As reported here last month, the next season of NBC’s awful-behavior competition The Apprentice will be a celebrity edition featuring UFC star Tito Ortiz. The Associated Press has now reported that the season premiere is set for January 3rd, and the full cast of contestants has been officially announced. They are (in order of my own personal interest):

Tito Ortiz — UFC light-heavyweight with the super-heavyweight head
Gene Simmons — Kiss bassist/singer known for shameless branding, disturbingly long tongue
Lennox Lewis — Retired heavyweight boxing champion
Vincent Pastore — Big Pussy!
Stephen Baldwin — Born-again Christian, founder of Breakthrough Ministries, co-star of Bio-Dome
Tiffany Fallon — 2005 Playboy Playmate of the Year
Trace Adkins — Musical genius behind “Honky-Tonk Badonkadonk”

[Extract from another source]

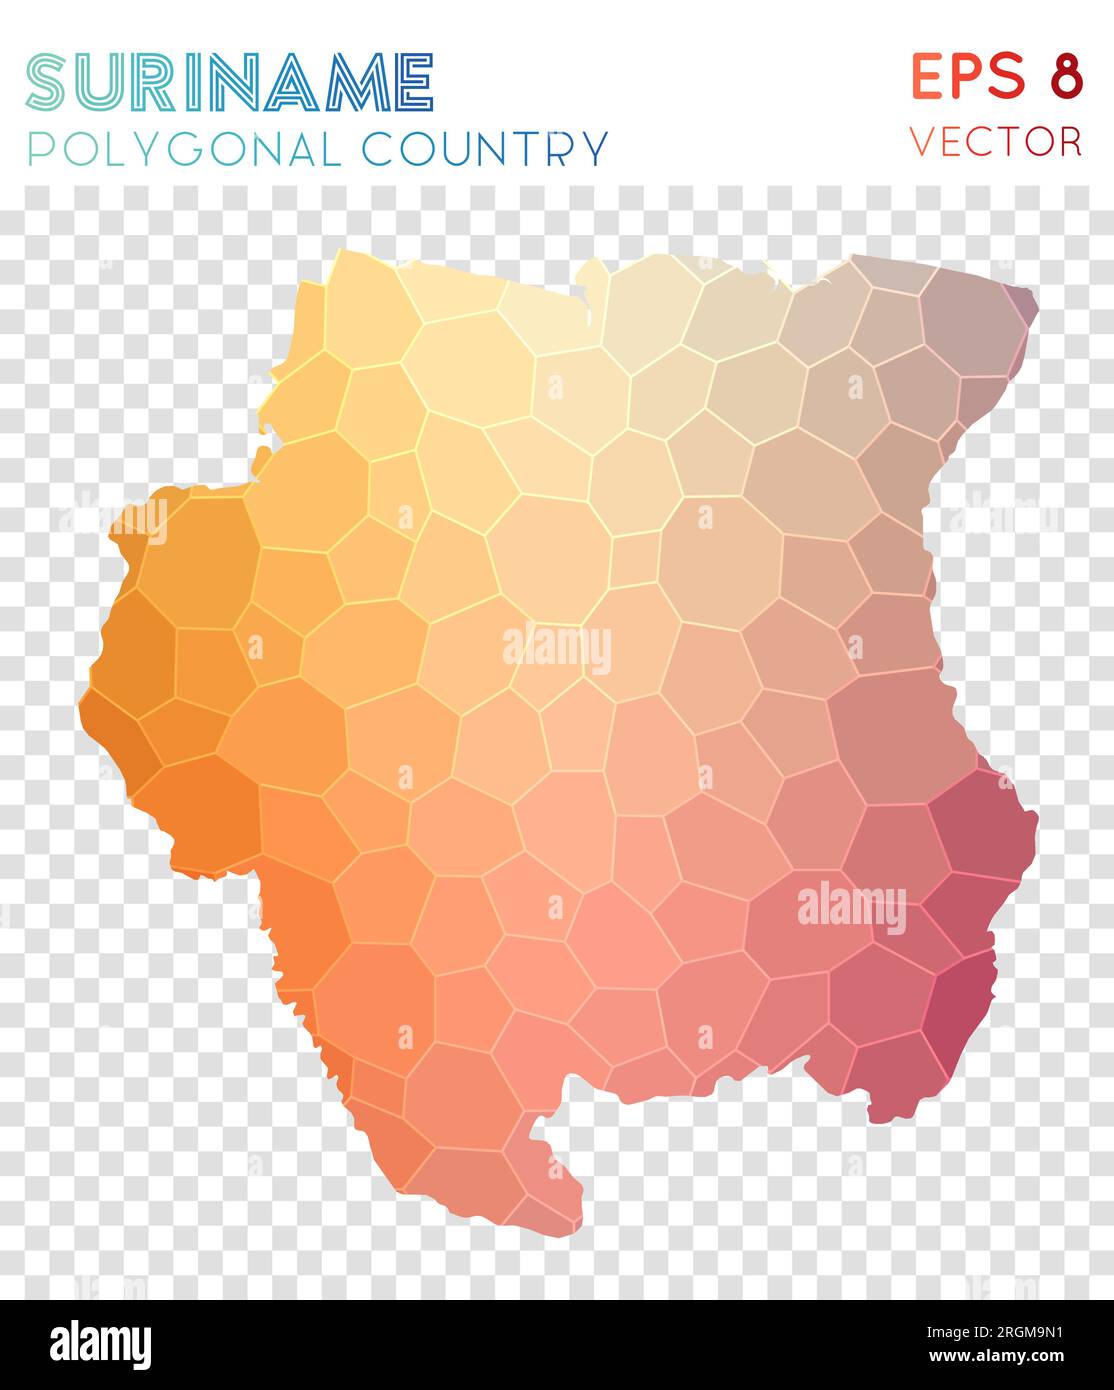 Suriname polygonal map, mosaic style country. Cool low poly style, modern design. Suriname polygonal map for infographics or presentation. Stock Vector

Nadia Comaneci — Romanian gymnast best-known for her perfect-10 pwnage of the uneven bars at the 1976 Olympics
Carol Alt — Model/actress/raw foodie
Jennie Finch — Sort-of-cute Olympic softball gold medalist
Omarosa Manigault-Stallworth — The ball-buster from season 1 of The Apprentice
Marilu Henner — Actress, diet shiller, host of America’s Ballroom Challenge
Piers Morgan — Poor man’s Simon Cowell on America’s Got Talent
Nely Galan — TV producer and Telemundo executive, and the only contestrant you’ve literally never heard of

The 14 celebs will compete in business-oriented tasks around New York City, and their performance will be judged by Donald and his Lil’ VeePees, Ivanka and Donald Jr. The grand prize won’t be a job with Donald Trump, but instead a $250,000 bonus to donate to their favorite charity. I know what you’re thinking — charity, right? — but at least it’ll be some good exposure for Kiss Kaskets.